[Recorded data — start]

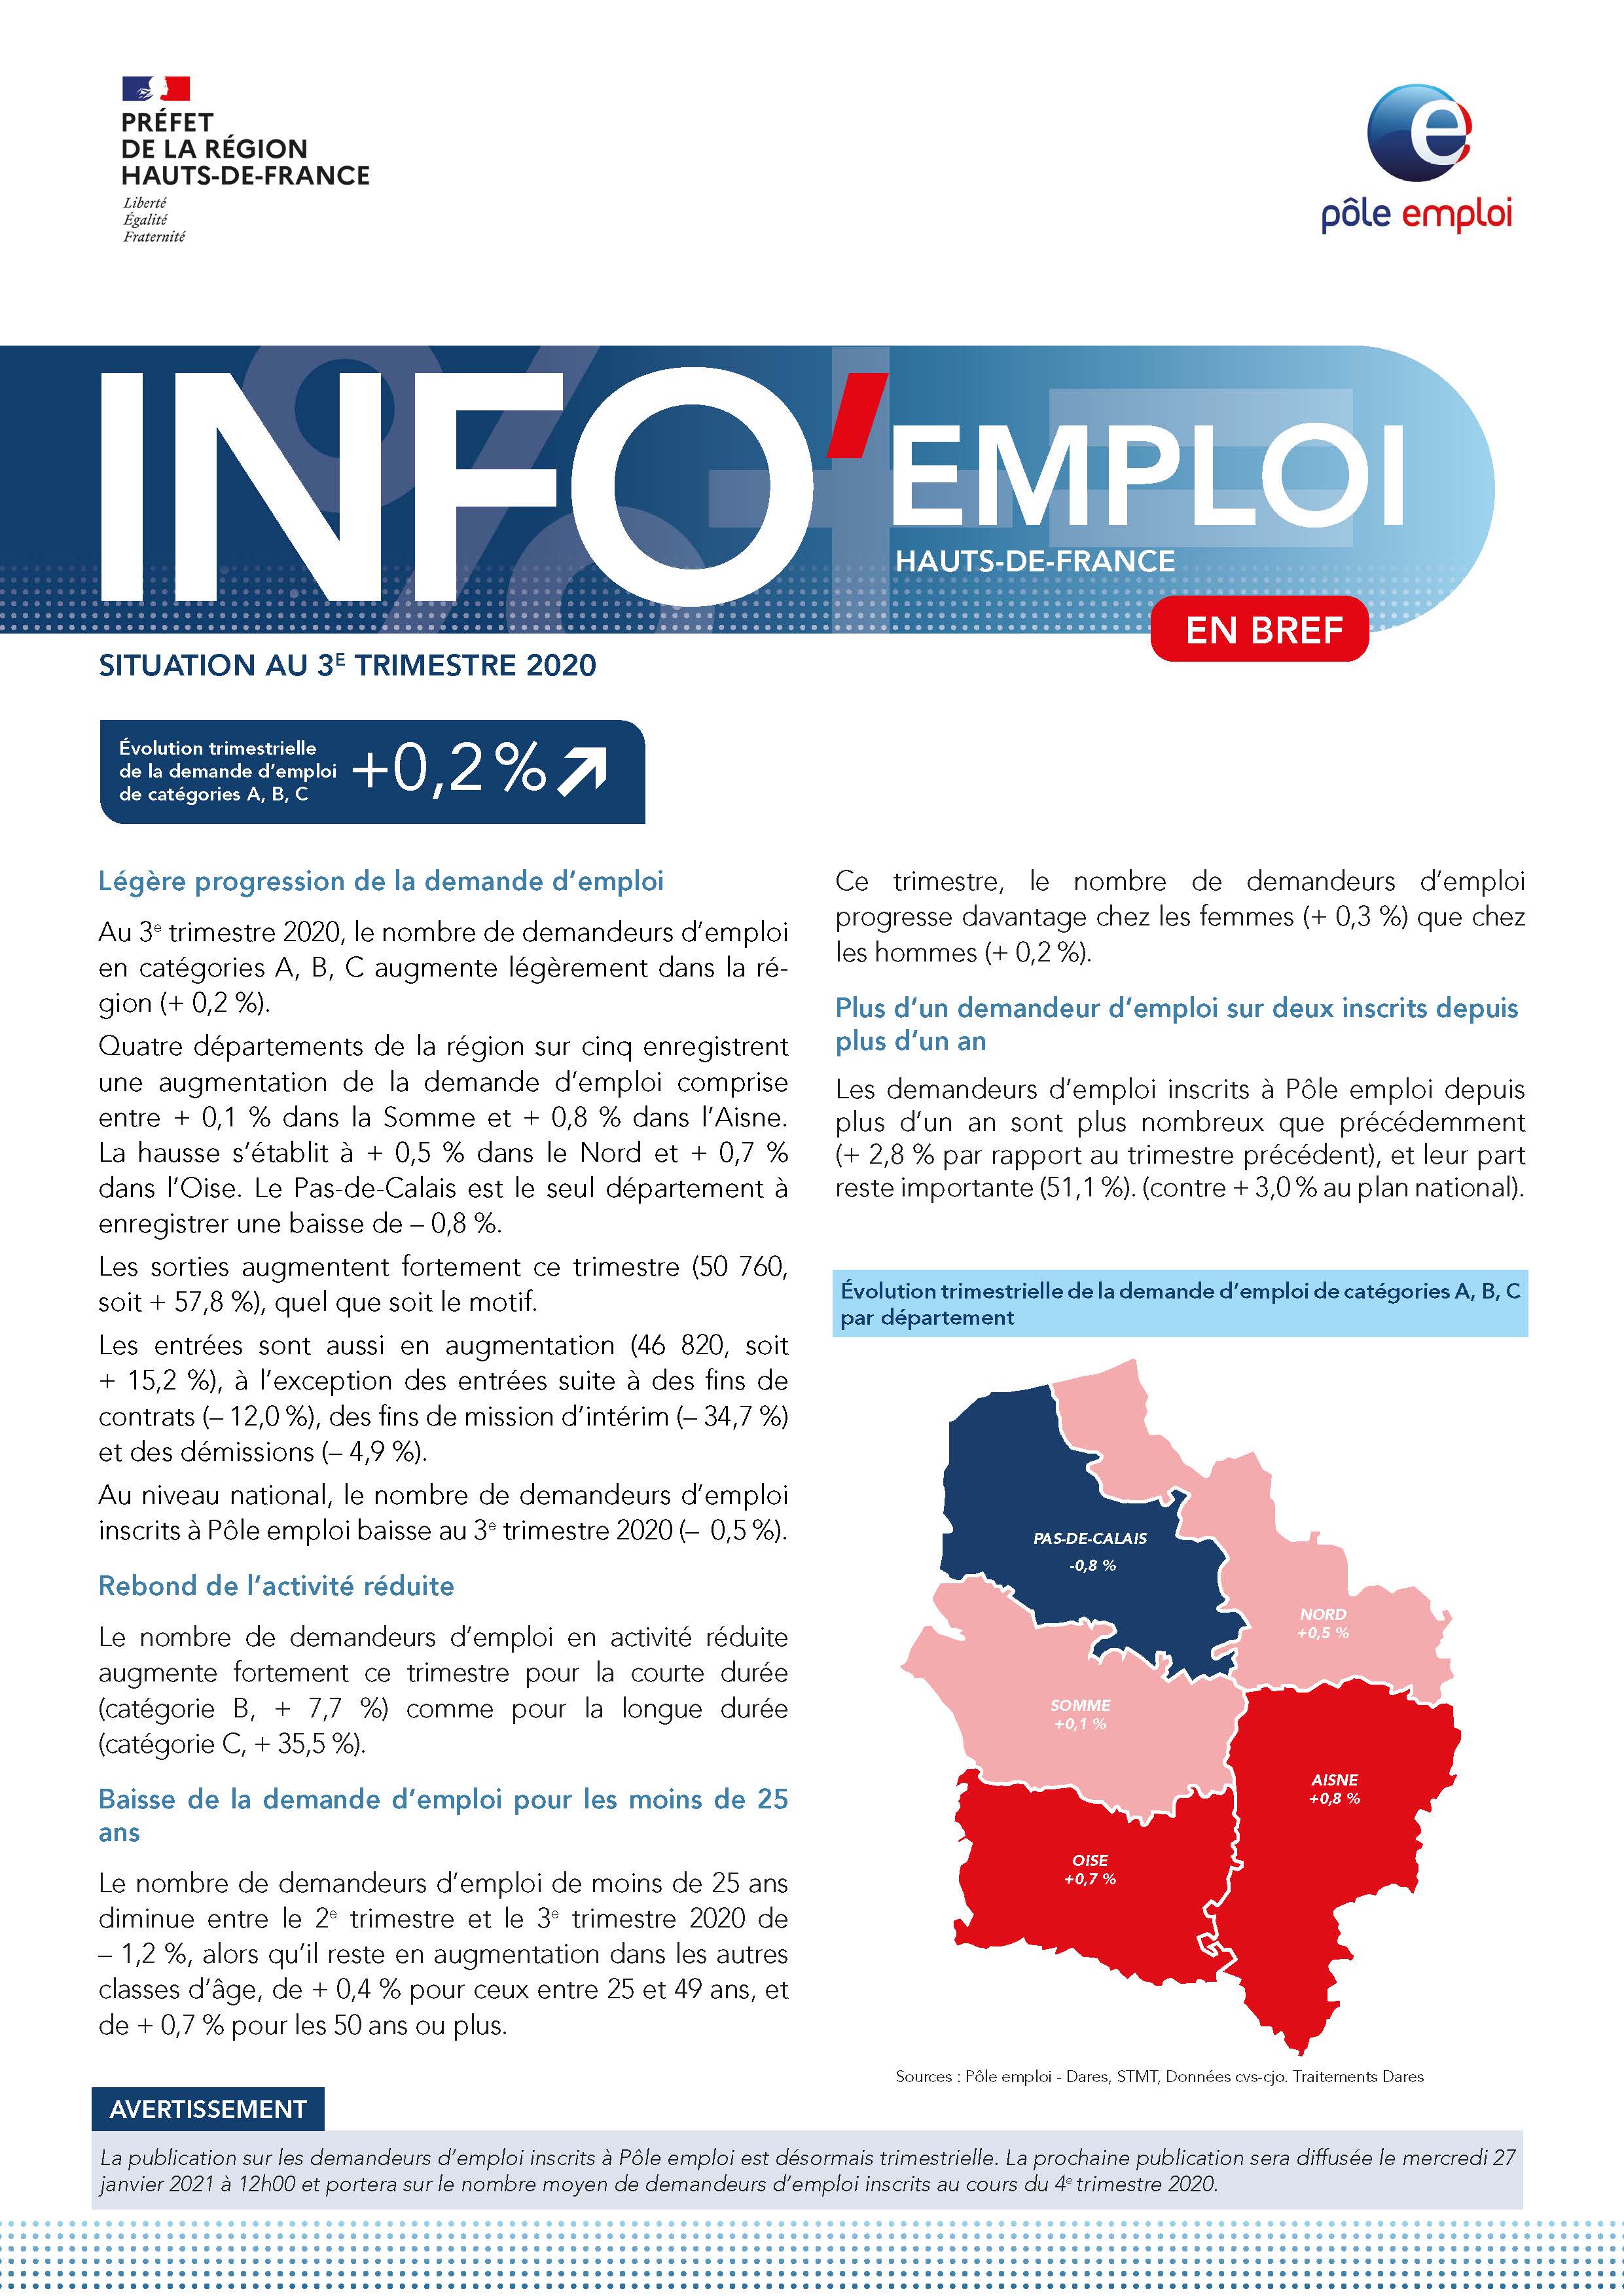 INFO emploi en bref - situation au cours du 3e trimestre 2020 en Hauts-de-France
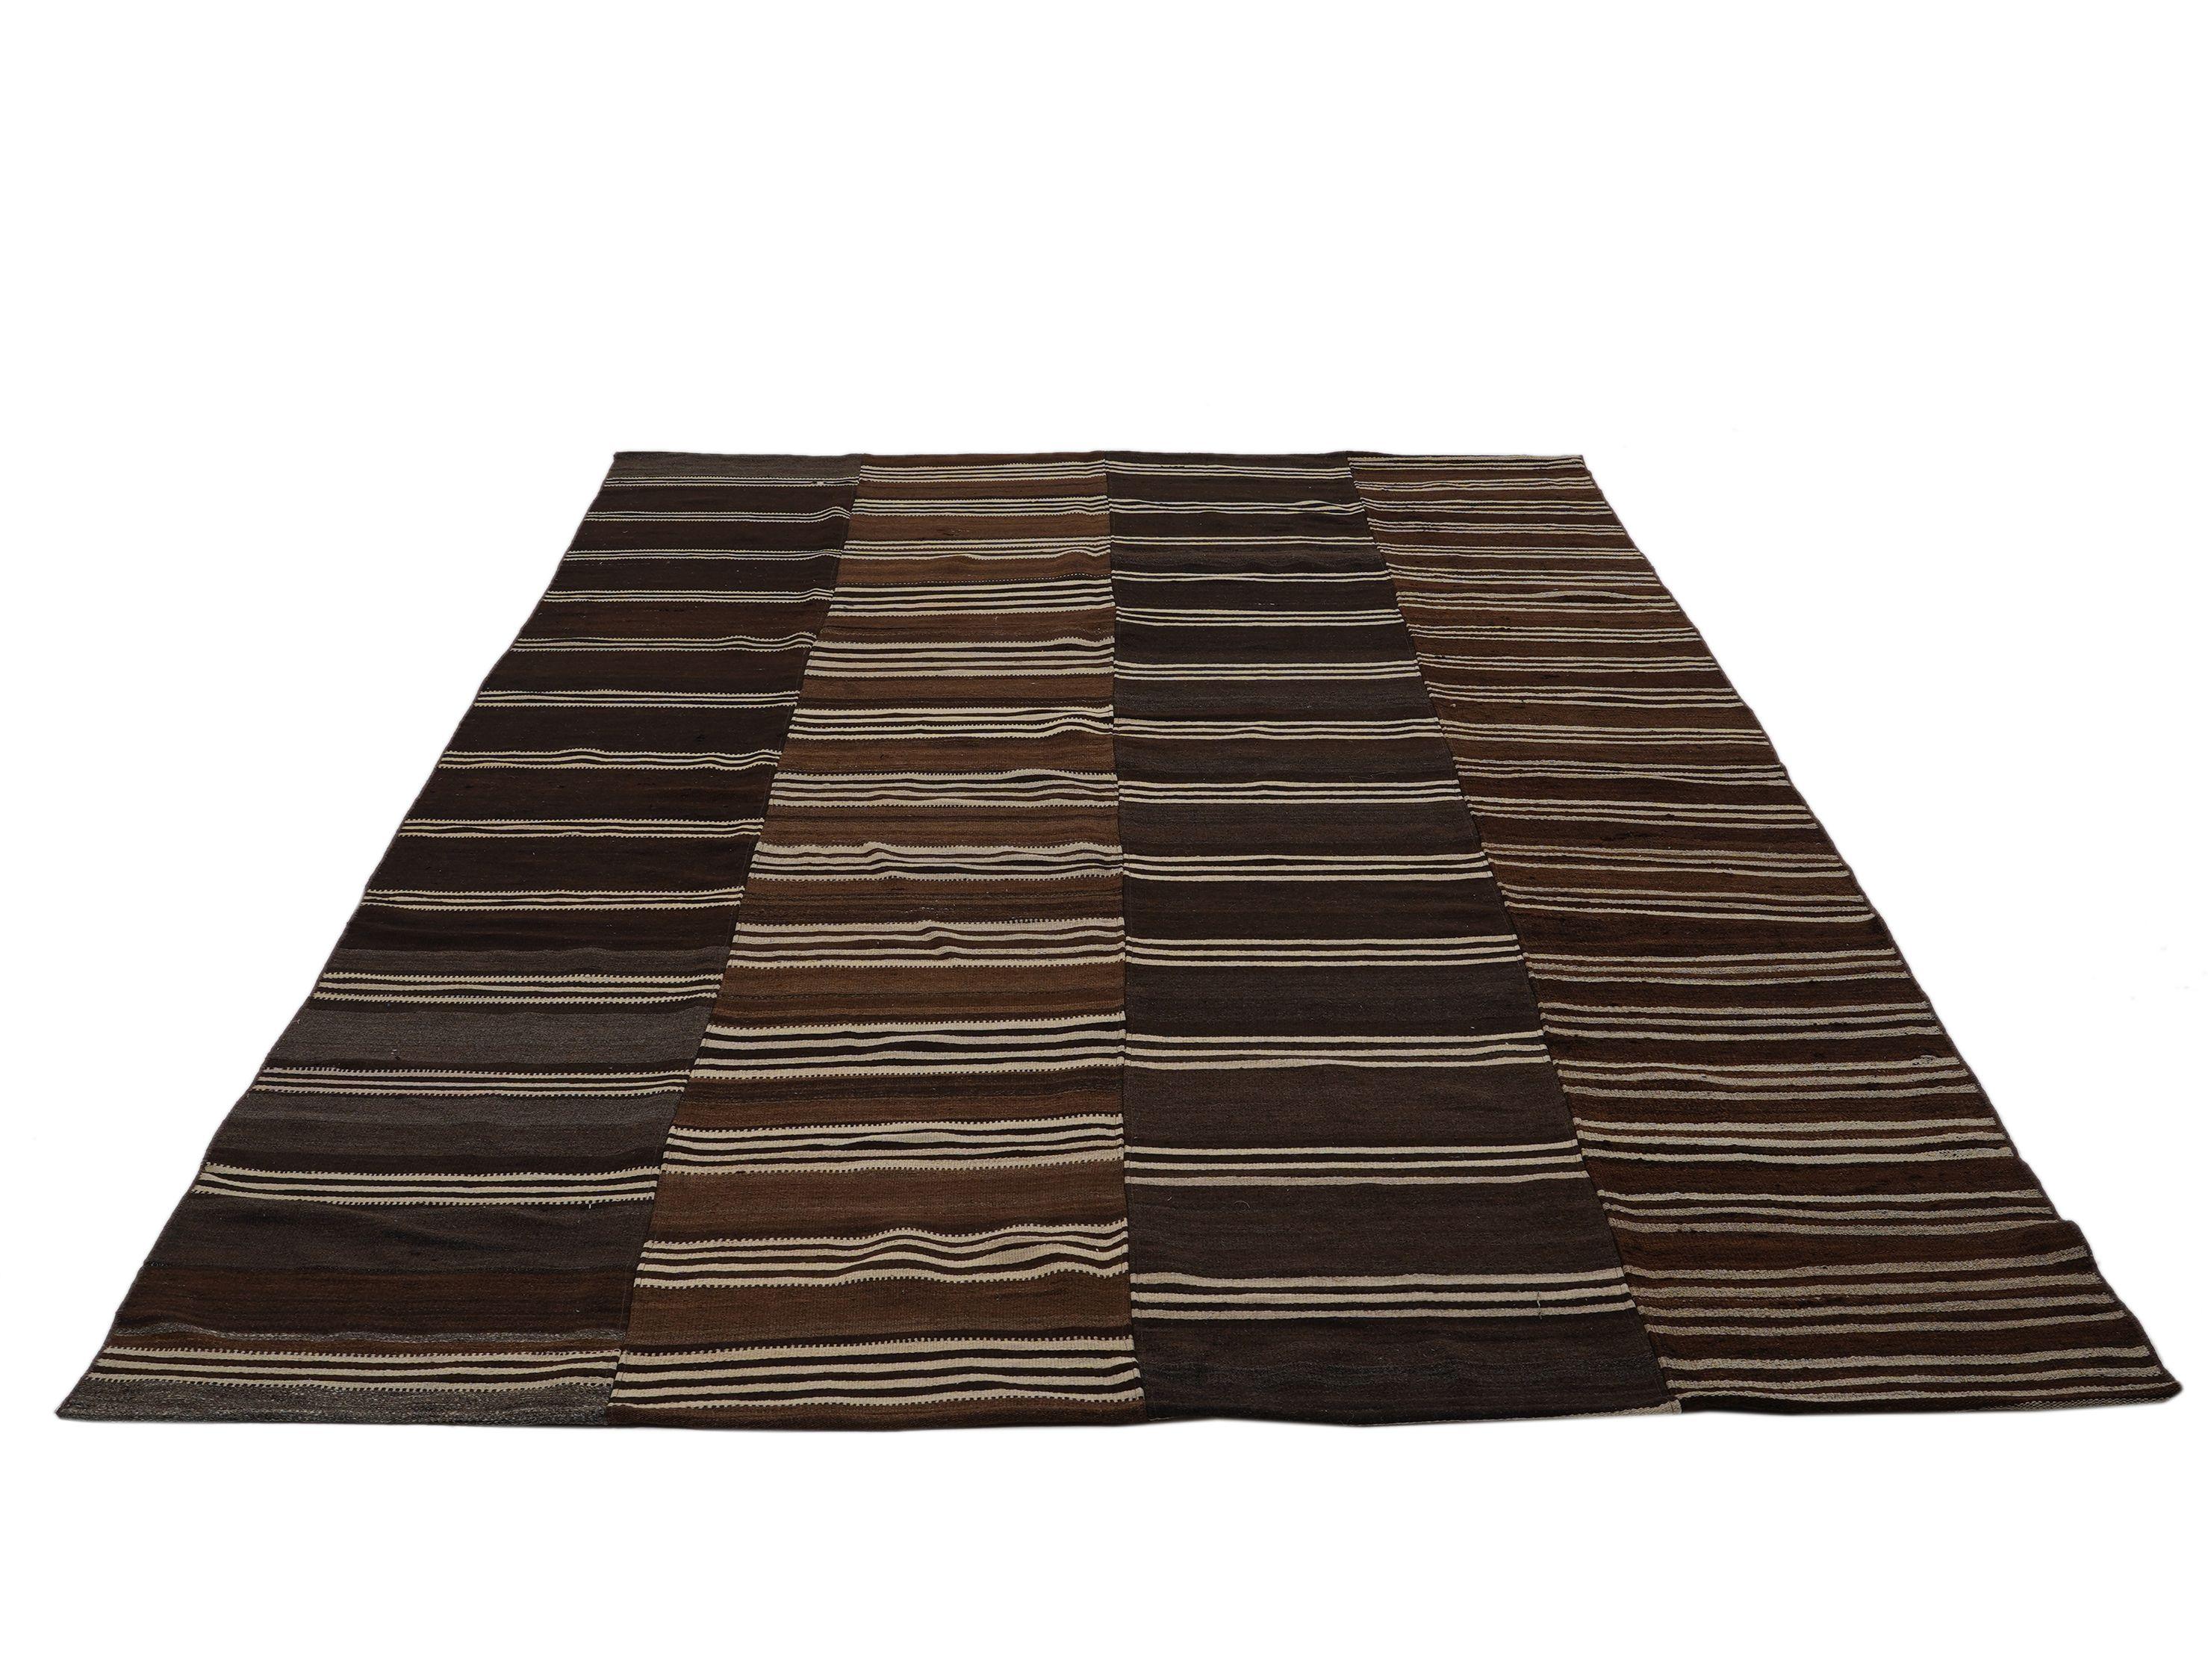 Dieser von erfahrenen Webern in der Türkei handgefertigte Teppich in satten erdigen Brauntönen ist zeitlos und modern zugleich. 

Unsere türkischen Teppiche werden nach alten, über Generationen weitergegebenen Kunstformen hergestellt. Erfahrene
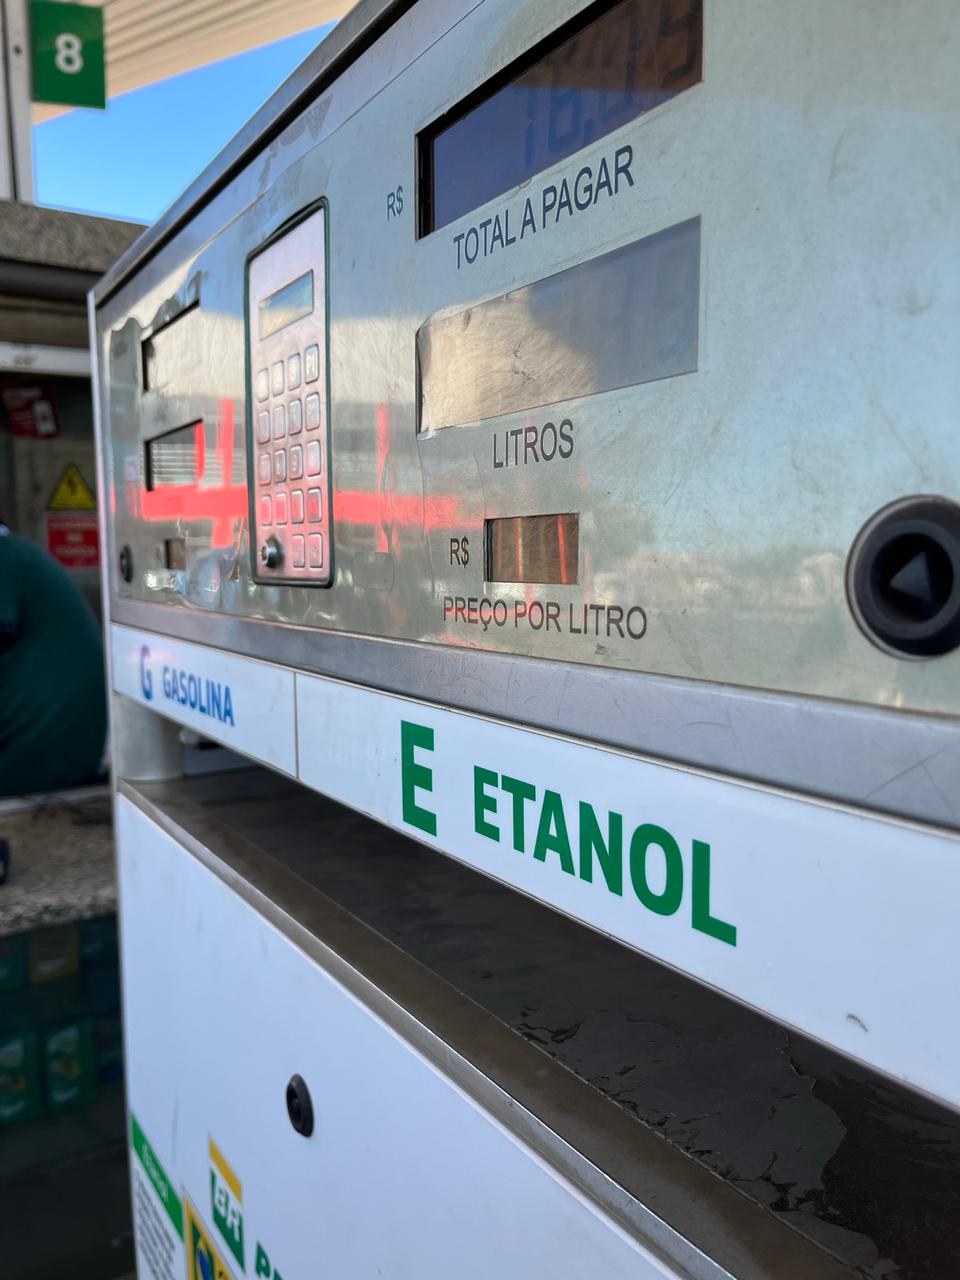 ICMS do etanol no Maranhão passa de 26 para 12%

[Recorded data — finish]

What you are asked to do:
Since the pictures are not wanted, write out the rest of the data exactly as it reads.

Task response:
 INFO emploi en bref - situation au cours du 3e trimestre 2020 en Hauts-de-France
 Dieser von erfahrenen Webern in der Türkei handgefertigte Teppich in satten erdigen Brauntönen ist zeitlos und modern zugleich. 

Unsere türkischen Teppiche werden nach alten, über Generationen weitergegebenen Kunstformen hergestellt. Erfahrene
 ICMS do etanol no Maranhão passa de 26 para 12%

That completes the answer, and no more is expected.